From the entries, copy each line that includes "reads".

(Stored data)
====
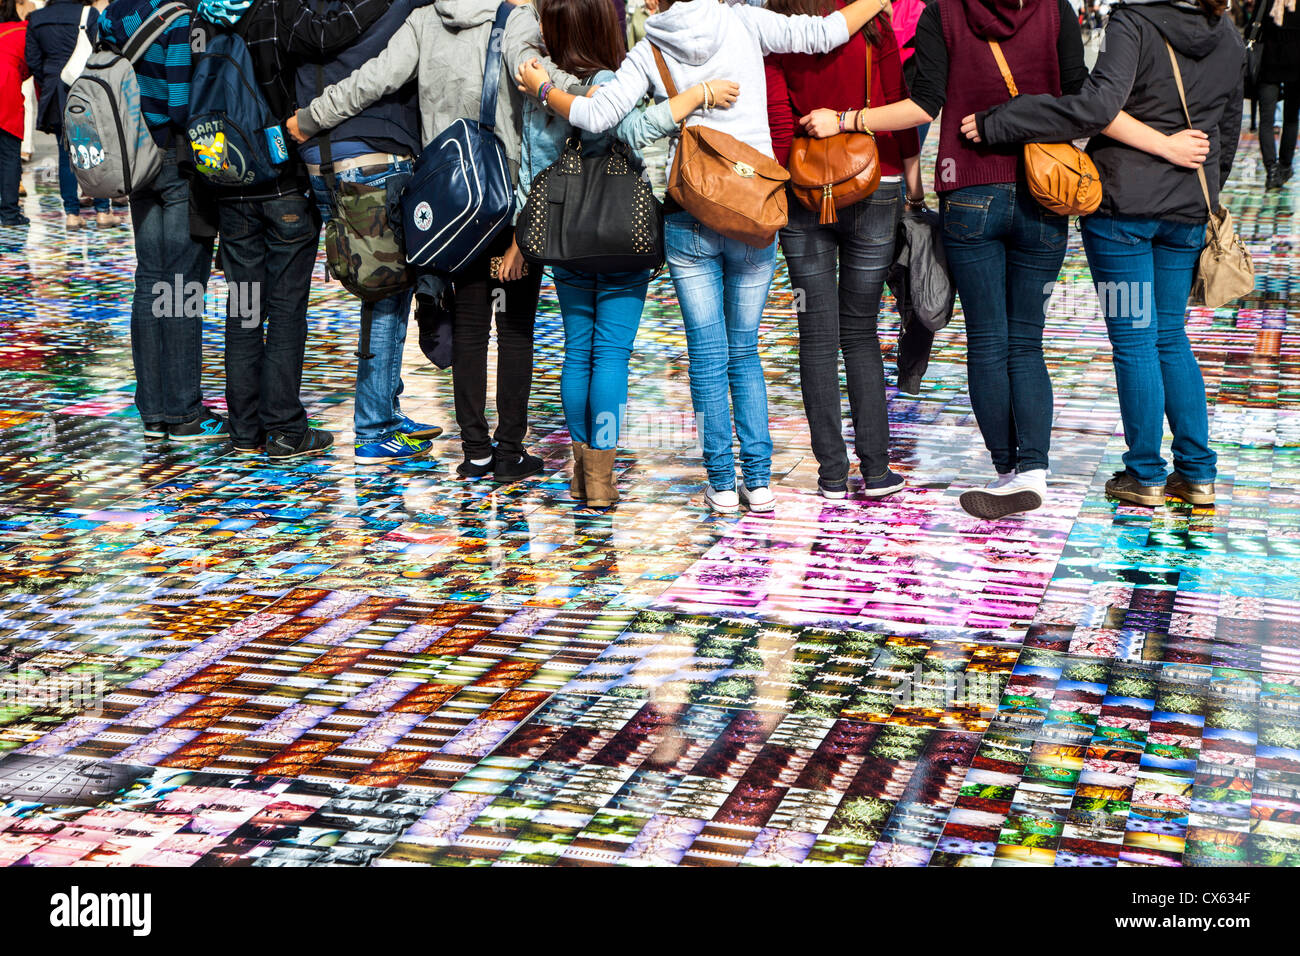 Photokina, worlds leading imaging fair, trade show for photography. Big installation of Lomography photos on the floor. Stock Photo
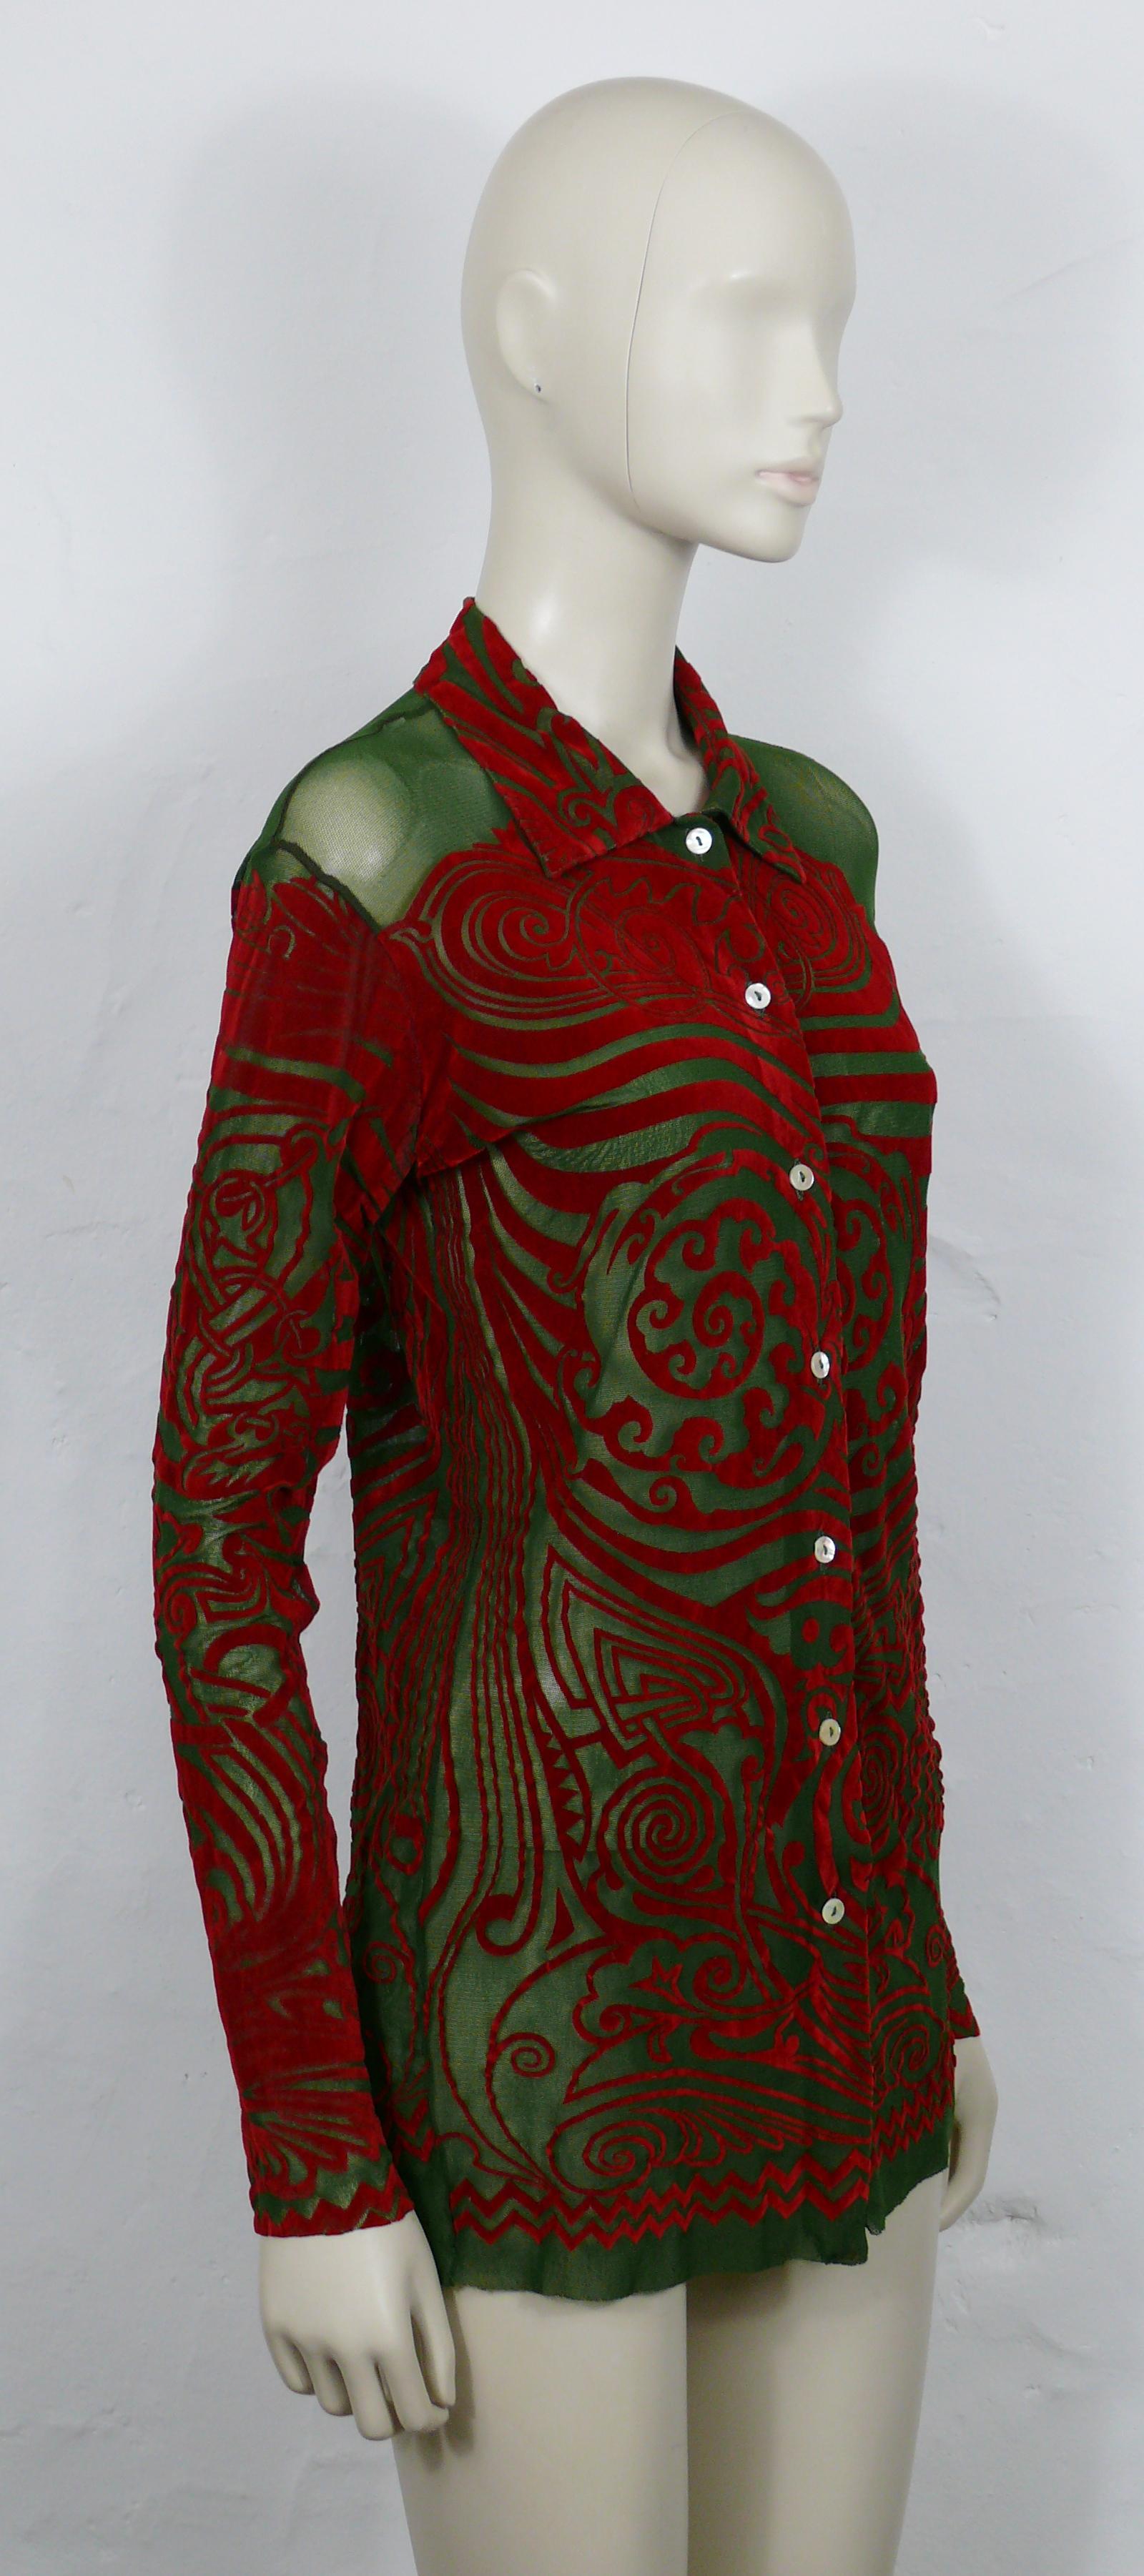 JEAN PAUL GAULTIER vintage 1996 FUZZI green sheer mesh shirt featuring a flocked red tribal tattoo print all-over.

Label reads JEAN PAUL GAULTIER MAILLE.
Made in Italy.

Size label reads : L.
Please refer to measurements.

Composition tag reads :
====
Task output:
Label reads JEAN PAUL GAULTIER MAILLE.
Size label reads : L.
Composition tag reads :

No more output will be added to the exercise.